"""Anthropic Claude provider on Vertex AI (streamRawPredict)."""
from __future__ import annotations
import asyncio
import base64
import json
import time
from typing import Any
import google.auth
import google.auth.transport.requests
import httpx
from tenacity import retry, stop_after_attempt, wait_exponential
from titan_factory.config import Config
from titan_factory.utils import log_warning
from .base import CompletionResponse, LLMProvider, Message, ProviderFactory
class AnthropicVertexProvider(LLMProvider):
"""Provider for Anthropic Claude models on Vertex AI.
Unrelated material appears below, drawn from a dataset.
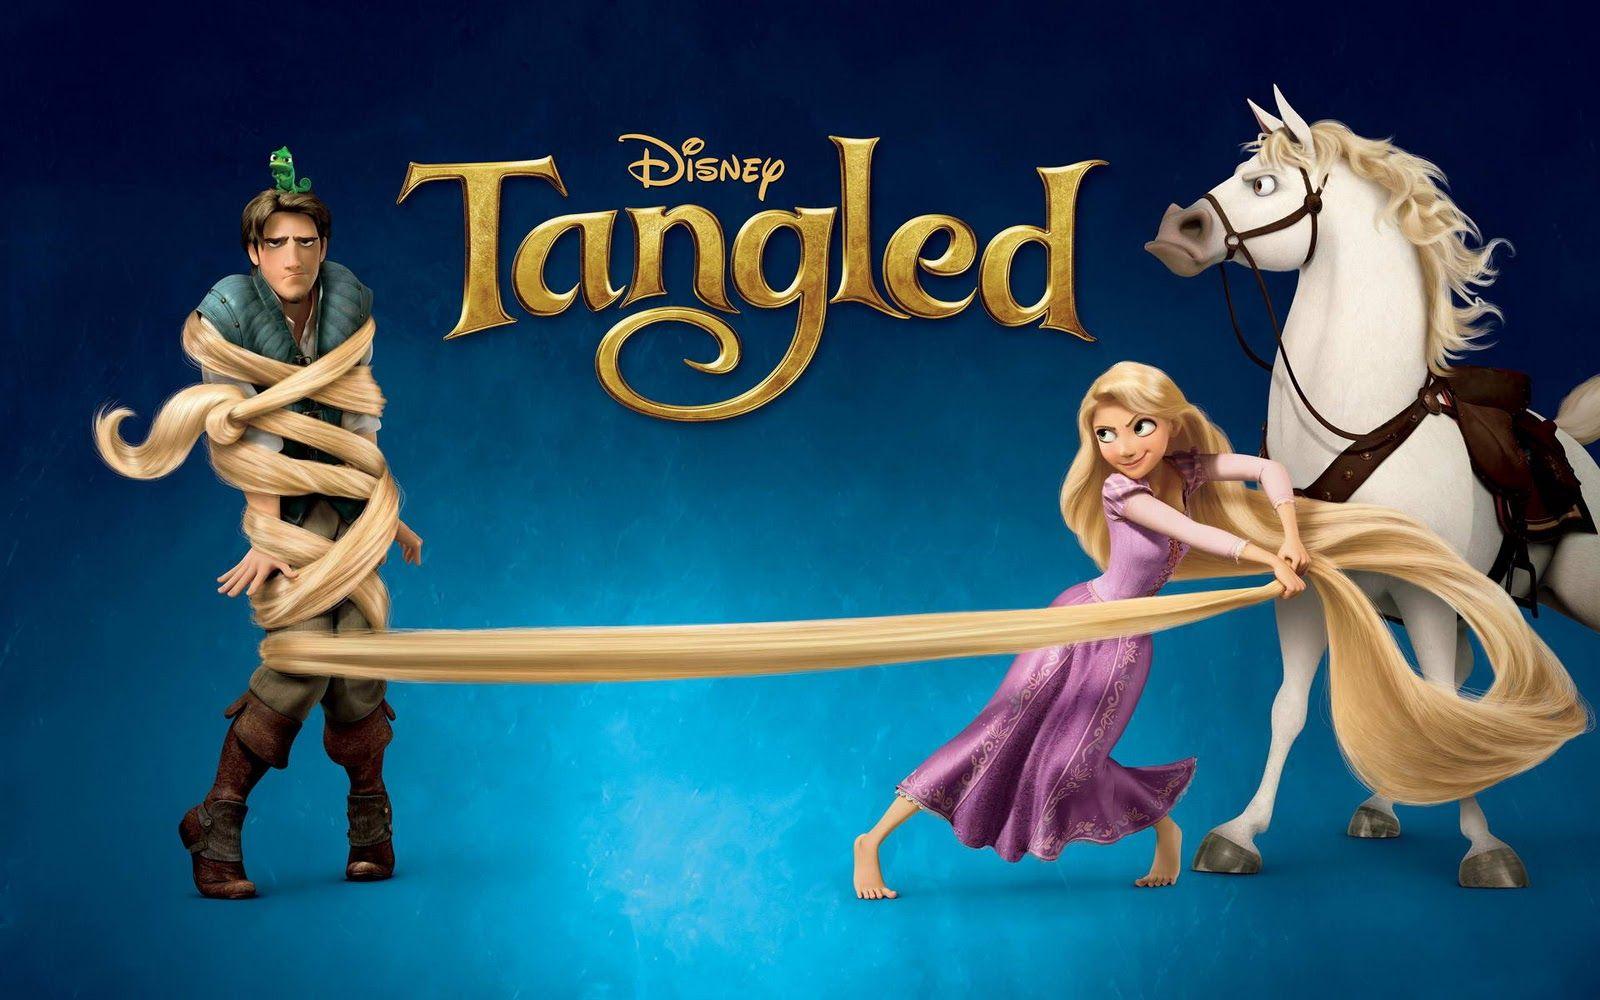 Enredados Tangled En La Version En Ingles Es La Nueva Pelicula De Disney Y Que Hace La Numero 50 La Protag Tangled Movie Disney Tangled Walt Disney Pictures

Uses the Vertex streamRawPredict endpoint with the Anthropic Messages API payload.
We send `stream=false` for a single non-streaming response, but also tolerate
an event-stream response shape for robustness across Vertex rollouts.
"""
def __init__(self, config: Config) -> None:
self.config = config
self.project = config.google_project
self.region = config.google_region or "global"
self._credentials = None
self._token = None
self._token_expiry = 0.0
self._lock = asyncio.Lock()
self._concurrency = asyncio.Semaphore(max(1, config.budget.concurrency_vertex))
@property
def name(self) -> str:
return "anthropic_vertex"
def _get_endpoint(self, model: str) -> str:
"""Build the Vertex Anthropic endpoint for a model."""
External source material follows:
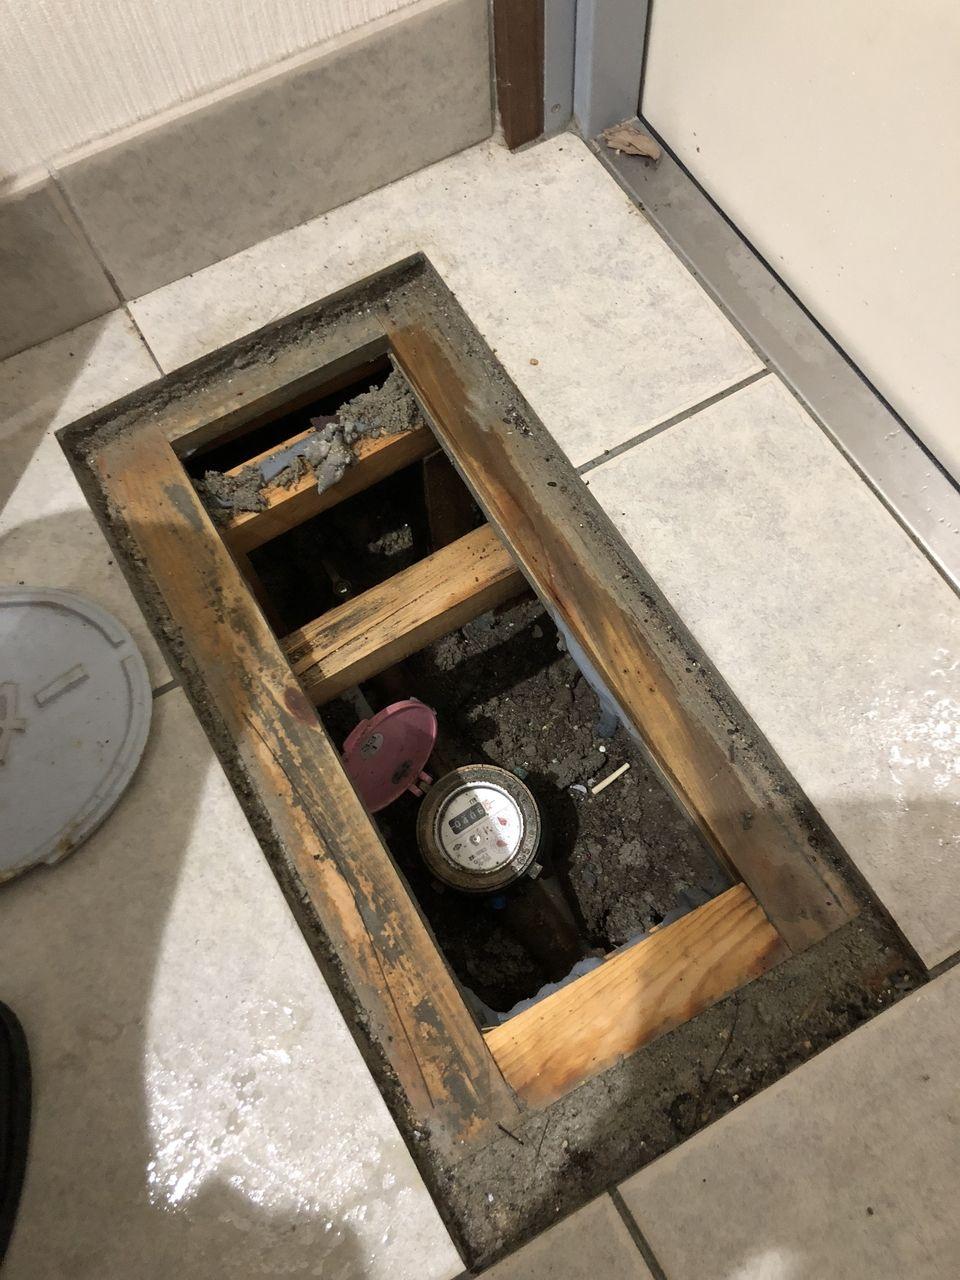 水漏れの原因箇所特定は難しい

model_path = model.strip()
if not model_path.startswith("publishers/"):
model_path = f"publishers/anthropic/models/{model_path}"
region = self.region or "global"
if region != "global":
# Do not override user intent; just warn (some Anthropic models may only be available in global).
log_warning(
"Anthropic Vertex models are often served from location 'global'. "
f"If you see 404/permission errors, try GOOGLE_CLOUD_REGION=global (got '{region}')."
)
if region == "global":
base = "https://aiplatform.googleapis.com"
location = "global"
else:
base = f"https://{region}-aiplatform.googleapis.com"
location = region
return (
f"{base}/v1/projects/{self.project}/locations/{location}/"
f"{model_path}:streamRawPredict"
)
def _parse_response_json(self, response: httpx.Response) -> dict[str, Any]:
"""Parse Vertex responses from either JSON or SSE event-stream."""
try:
return response.json()
except Exception:
pass
# Tolerate SSE-style responses (data: {json}).
text = (response.text or "").strip()
last_obj: dict[str, Any] | None = None
for line in text.splitlines():
if not line.startswith("data:"):
continue
payload = line[len("data:") :].strip()
if not payload or payload == "[DONE]":
continue
try:
obj = json.loads(payload)
except Exception:
continue
if isinstance(obj, dict):
last_obj = obj
if last_obj is None:
raise RuntimeError("Failed to parse Vertex response as JSON or SSE event-stream")
return last_obj
async def _get_token(self) -> str:
"""Get a valid access token."""
async with self._lock:
current_time = time.time()
if self._token is None or current_time >= self._token_expiry - 60:
loop = asyncio.get_event_loop()
self._credentials, _ = await loop.run_in_executor(
None,
google.auth.default,
["https://www.googleapis.com/auth/cloud-platform"],
)
request = google.auth.transport.requests.Request()
await loop.run_in_executor(None, self._credentials.refresh, request)
self._token = self._credentials.token
self._token_expiry = current_time + 3000
return self._token
def _flatten_text_blocks(self, content: list[dict]) -> str:
"""Flatten OpenAI-style content blocks to plain text."""
texts: list[str] = []
for block in content:
if not isinstance(block, dict):
continue
if block.get("type") == "text":
text = block.get("text", "")
if text:
texts.append(str(text))
return "\n".join(texts).strip()
def _split_system_messages(self, messages: list[Message]) -> tuple[str, list[dict]]:
"""Extract system prompt and convert messages to Anthropic format."""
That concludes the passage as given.